I’ve often thought about whether that’s the day I got saved. I’ve come to believe that I believed the gospel not because I made a public declaration of faith that day, but because I truly believed. However, a lot of people recount their own conversion experiences with a visible raising of hands or walking down an aisle, or some other visible public declaration. I want to be clear—I don’t think that altar calls and things like it are categorically wrong. It is not a sin to do so. People must decide to repent and believe in order to be saved. I also believe that public professions of faith are necessary, like baptism. However, it’s easy to see that altar calls and things like them can cause confusion as to what conversion truly is. For the rest of this article, I want to talk about what happens to a person when he/she is truly converted, a brief history of the altar call, and my concerns with this as an evangelistic practice.
Conversion happens to a whole person- mind, emotions and will
When a person truly is converted by God, we should evaluate whether their response encompasses their mind, emotions and will.
The full content of the gospel must be presented clearly and understood by the mind. The Scripture must direct our minds and humble them. Some people reject it as foolishness (1 Cor 2). Others think that if they simply understand the ‘facts’ about the gospel and agree to it then they are saved. But this is incomplete at best. The ‘facts’ about the gospel do indeed inform, but also humble the mind. The mind understands the gospel truths, wholeheartedly agrees with them, and is humbled by them.
Emotions are a part of every person, and when a person is converted, so are his or her emotions. A person without any emotions is called a sociopath, and there is no such thing as a ‘Christian sociopath’. A true Christian will have brokenness over sin (Psalm 51), joy, peace, hope and other Spirit-produced emotions (Galatians 5). But emotions are always to be led by truth.
There is an unbiblical way to appeal to the will. Some people give a challenge to others to ‘try’ Jesus— “I challenge you, try Jesus for 1 week! I guarantee you will not be disappointed”. Treating Jesus and the gospel like a brand of toothpaste by using a sales pitch like this is unbiblical and dishonouring to Christ. Another unbiblical way is to pressure someone to say the sinner's prayer as if there’s some magical power in the recitation of words put together.
But there is a biblical way to appeal to the will. Joshua says “Choose for yourselves this day whom you will serve” (Josh 24:15). “Come, all you who are thirsty, come to the waters'' (Is 55:1). “Come to me, all you who are weary and burdened” (Mt 11:28). “Believe in the Lord Jesus, and you will be saved” (Acts 16:31). We are to plead, command, invite and beg! It is uncomfortable for us when we put people on the spot, yet we must not neglect to call for a response. There is to be a tone of urgency and persuasion in our voice. The sermons of great evangelists like Bunyan, Whitefield, Edwards and Spurgeon were all marked by direct questions and pleas put to unbelievers. So was their personal witnessing.

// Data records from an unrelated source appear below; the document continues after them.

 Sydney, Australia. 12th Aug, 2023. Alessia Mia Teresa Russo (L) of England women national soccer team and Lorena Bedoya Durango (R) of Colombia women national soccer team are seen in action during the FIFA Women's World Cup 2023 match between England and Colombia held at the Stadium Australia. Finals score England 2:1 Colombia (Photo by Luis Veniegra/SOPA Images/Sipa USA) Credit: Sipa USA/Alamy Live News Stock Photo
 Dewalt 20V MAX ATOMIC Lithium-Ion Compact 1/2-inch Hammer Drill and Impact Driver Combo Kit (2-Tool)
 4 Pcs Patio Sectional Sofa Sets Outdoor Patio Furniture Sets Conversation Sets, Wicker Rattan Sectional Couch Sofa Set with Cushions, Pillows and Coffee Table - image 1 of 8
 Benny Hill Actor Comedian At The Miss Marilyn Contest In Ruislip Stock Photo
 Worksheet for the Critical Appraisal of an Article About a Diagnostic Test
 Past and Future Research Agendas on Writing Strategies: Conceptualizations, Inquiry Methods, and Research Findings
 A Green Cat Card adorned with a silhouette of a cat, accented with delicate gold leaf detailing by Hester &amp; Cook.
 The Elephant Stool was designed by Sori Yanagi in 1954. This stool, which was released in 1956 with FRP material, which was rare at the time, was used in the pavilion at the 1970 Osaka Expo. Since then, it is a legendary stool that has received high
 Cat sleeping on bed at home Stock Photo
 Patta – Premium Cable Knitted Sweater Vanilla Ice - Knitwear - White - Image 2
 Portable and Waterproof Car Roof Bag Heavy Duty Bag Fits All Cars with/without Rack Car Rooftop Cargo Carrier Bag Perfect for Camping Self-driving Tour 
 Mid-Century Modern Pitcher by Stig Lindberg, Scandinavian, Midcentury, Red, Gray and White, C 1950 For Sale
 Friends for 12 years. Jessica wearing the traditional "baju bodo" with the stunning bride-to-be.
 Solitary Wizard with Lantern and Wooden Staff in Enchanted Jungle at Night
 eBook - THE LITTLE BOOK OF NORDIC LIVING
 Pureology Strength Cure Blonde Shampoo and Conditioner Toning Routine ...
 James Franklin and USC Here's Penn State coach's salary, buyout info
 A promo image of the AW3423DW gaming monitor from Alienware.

Will Metzger puts it well: “Sinners are commanded to come now. Not appealing to natural desires but inviting, persuading and commanding allegiance to a new leader.”
History of the altar call
The altar call gained popularity in the 1830s with the preaching of Charles G. Finney. Finney rejected Calvinistic teaching that human nature was irreparably depraved; he believed only men's wills, not their natures, needed to be converted. His "new measures," then, set out to make regeneration as easy as possible. "A revival is not a miracle," Finney wrote. "It is a purely philosophical result of the right use of the constituted means." In other words, preachers might create revival if they used proven methods, chief of these being the "anxious bench". Finney invited the unconverted to come to this bench at the front of the room to pray and to be prayed for, often resulting in an emotional breakthrough for the person. "The object of our measures is to gain attention," Finney said, and for that "you must have something new."
Concerns with Altar Calls
Jonathan Leeman rightly observes, “The altar call relies on the powers of emotion, rhetorical persuasion, and social pressure to induce people to make a hasty and premature decision. And producing professions is not the same thing as making disciples”.
Wrong Desire for instant results
I’ll be honest, we all would like to see lots of conversions. We also would like to see conversions happening now. But the work of regeneration is the act of God the Holy Spirit (Ephesians 2). In the parable of the seed in Mark 4:26-29, the farmer sows the seed and goes to sleep. But the next day the seed has sprouted, and he doesn’t know how it happened. And at the right time, he harvests it. It’s the job of the evangelist to sow the gospel seed and leave the results to God (Mk 4:26-29). If God produces a response then we can see it, recognize it and reap the harvest. But altar calls imply that human means can produce a response that only God can. And if human means are sufficient to produce such a response then logically we could get a response from people every time if we wanted. But such a desire for instant results is unbiblical and the practice of altar calls implicitly supports such thinking.
The altar call relies on the powers of emotion
A lot of ‘conversions’ have people who get really emotionally excited, and because they had an emotional experience, they believe they were converted. Prior to the altar call people’s emotions are swayed by particular music played in a particular lighting, and it produces a ‘decision’ for Christ. The altar call relies on this, and that’s why we should be suspicious of such things because it seems manipulative. Just to clarify, I would expect genuine emotions to be produced by God in a regenerated heart as they hear the truth of the gospel, but not because of external factors. This is another problem with the altar call.
The altar call relies on social pressure
The altar call only takes place in the context of a large evangelistic meeting, as it thrives in such a setting. Just imagine you are an unbeliever who was born in a Christian family and grew up going to church. You’re there with a bunch of your friends from church (maybe youth group) and then the altar call is given, and you see many of your friends start to walk down the aisle. There is a significant social pressure to join them in this ‘experience’, in this case from your peer group. Mack Stiles, in his book Evangelism, spoke of how his friend persuaded him to walk down the aisle with him even though he initially had no intention of doing so. Genuine conversion is brought about by the Holy Spirit but the regenerated person has a freed will to respond in genuine faith and repentance. The point is that a truly converted person is not pressured to make a decision. The altar call adds unnecessary and unhelpful social pressure on people to make ‘decisions’, and that’s a third concern with the altar call.
When George Whitfield was asked how many of his hearers had converted, he refused to speculate. "There are so many stony-ground hearers which receive the word with joy," Whitefield said, "that I have determined to suspend my judgment till I know the tree by its fruits." Revivals were the sole work of the Holy Spirit, and the test of time either confirmed or disproved these conversions. We Christians who are living in India will face more than enough trials and tribulations for the genuine conversions that will result from the preaching of the gospel. Why do we need unnecessary trouble from fake conversions? We don’t need things like altar calls or anything else that pressures or manipulates people into decisions that aren’t actual conversions. Let us be faithful to evangelize and trust that God will bring about real change in a person’s mind, emotion and will.